*EXERCISE DESCRIPTION*:
Please retype the listing below word for word and exclude its images.

*DATASET EXCERPT*:
= Beginning of Section =

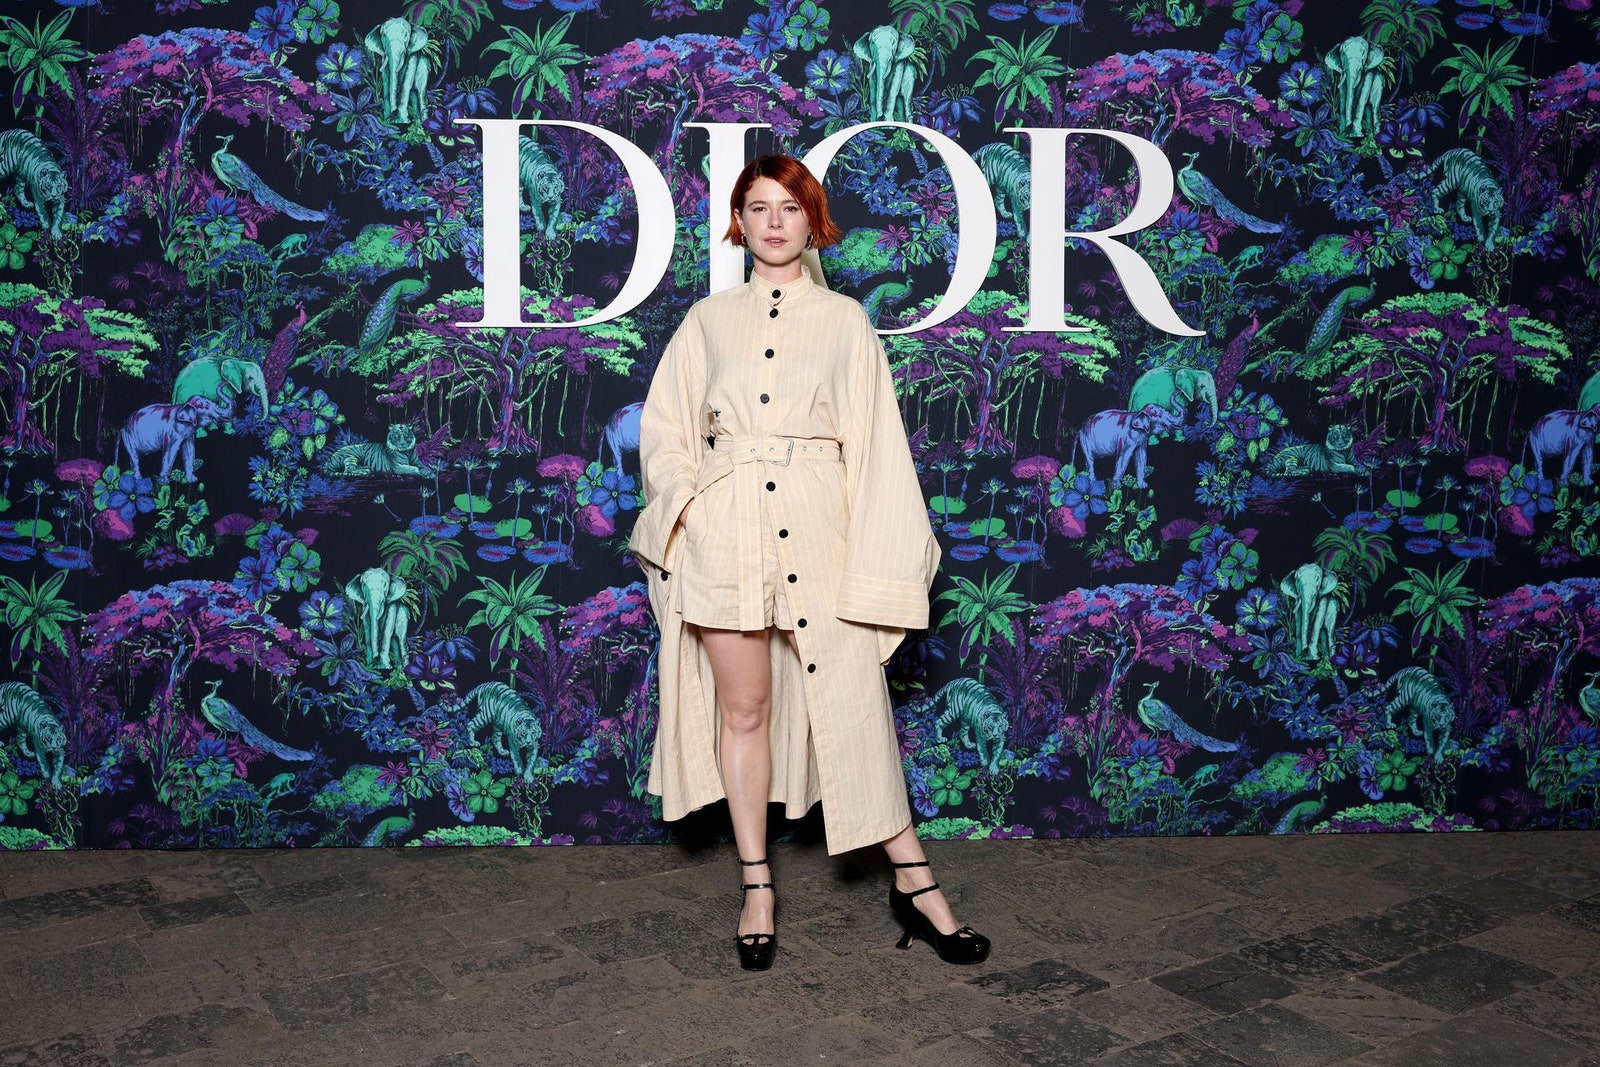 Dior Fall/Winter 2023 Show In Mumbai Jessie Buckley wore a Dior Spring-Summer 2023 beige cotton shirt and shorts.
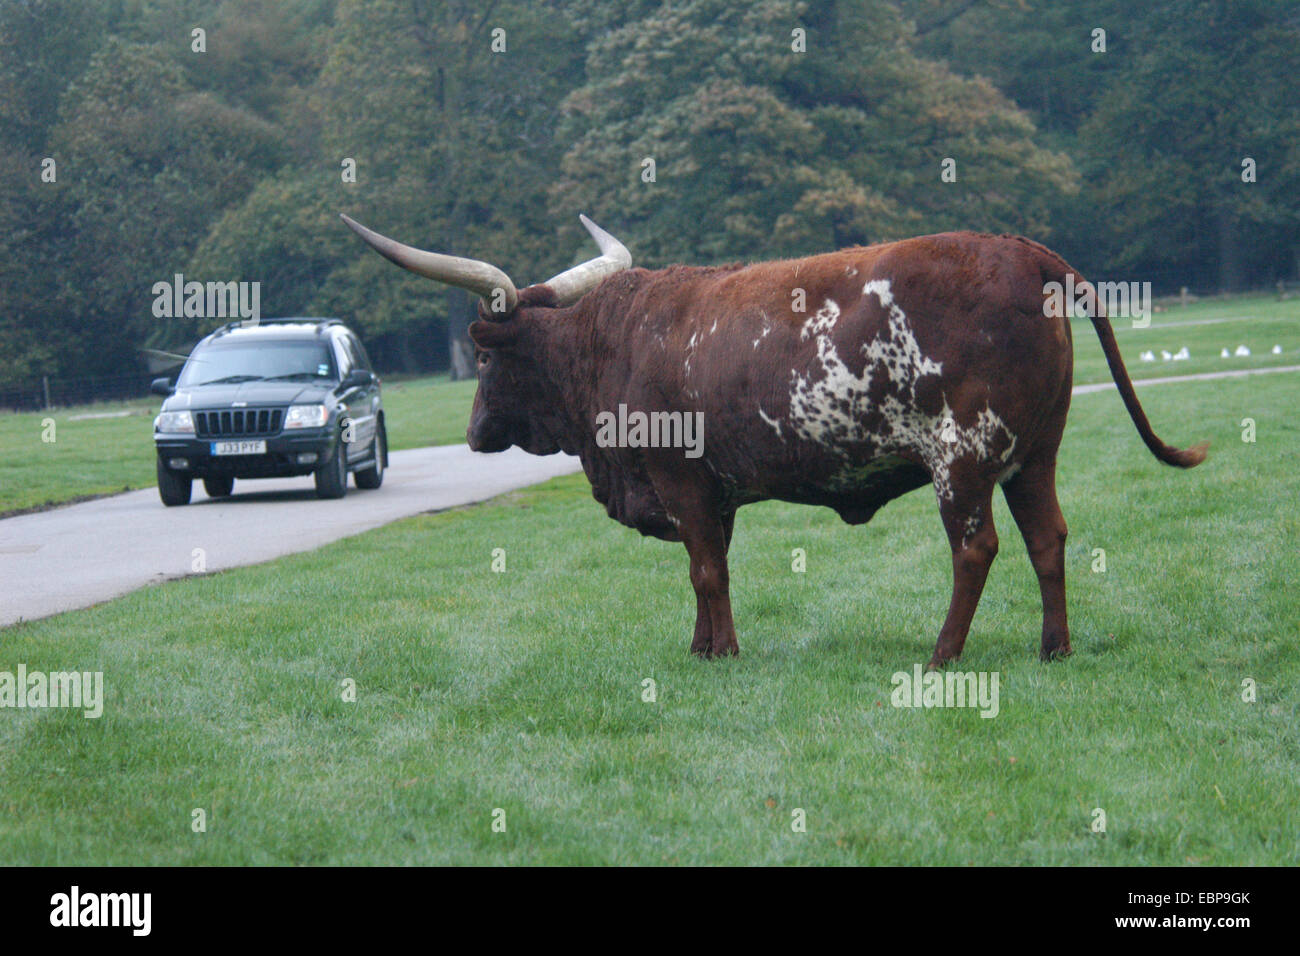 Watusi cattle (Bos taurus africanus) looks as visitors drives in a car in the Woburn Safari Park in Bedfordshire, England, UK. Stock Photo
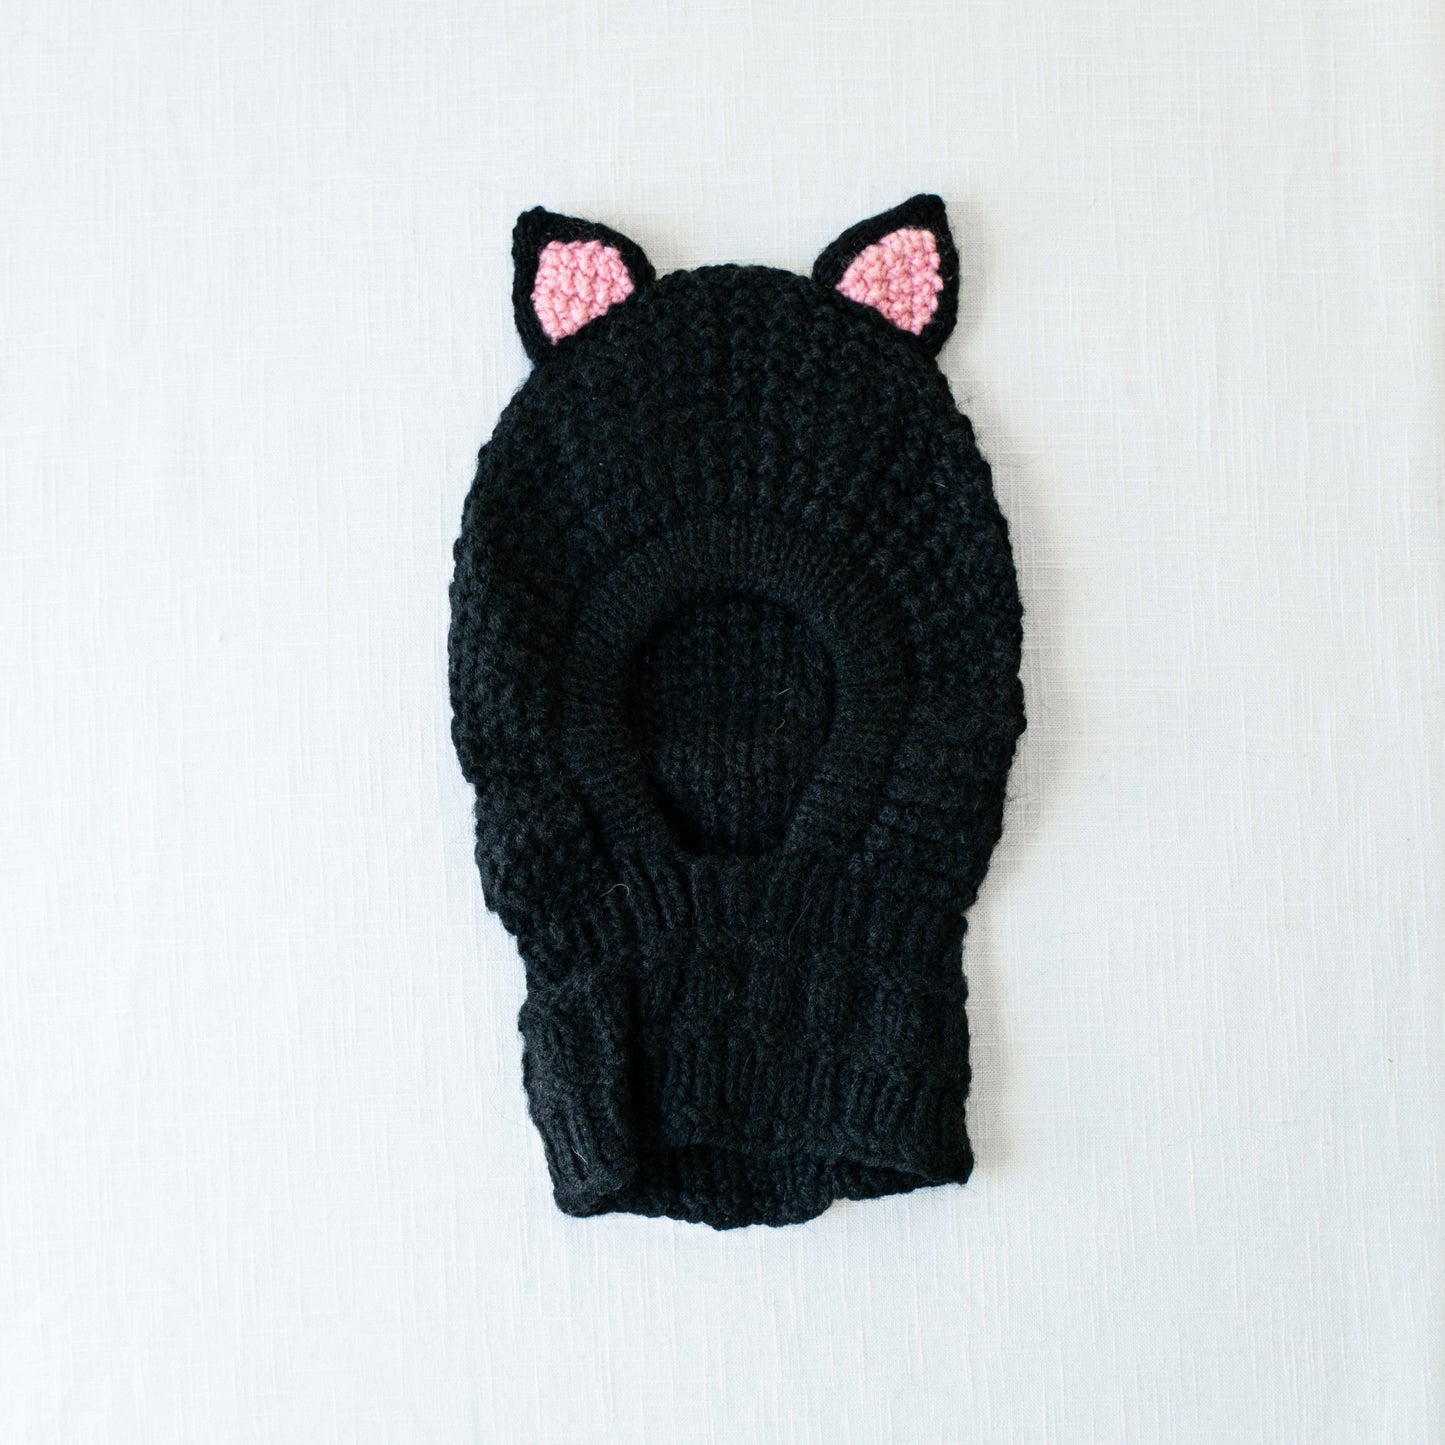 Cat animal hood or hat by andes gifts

= End of Section =

*ANSWER BOX*:
 Dior Fall/Winter 2023 Show In Mumbai Jessie Buckley wore a Dior Spring-Summer 2023 beige cotton shirt and shorts.
 Watusi cattle (Bos taurus africanus) looks as visitors drives in a car in the Woburn Safari Park in Bedfordshire, England, UK. Stock Photo
 Cat animal hood or hat by andes gifts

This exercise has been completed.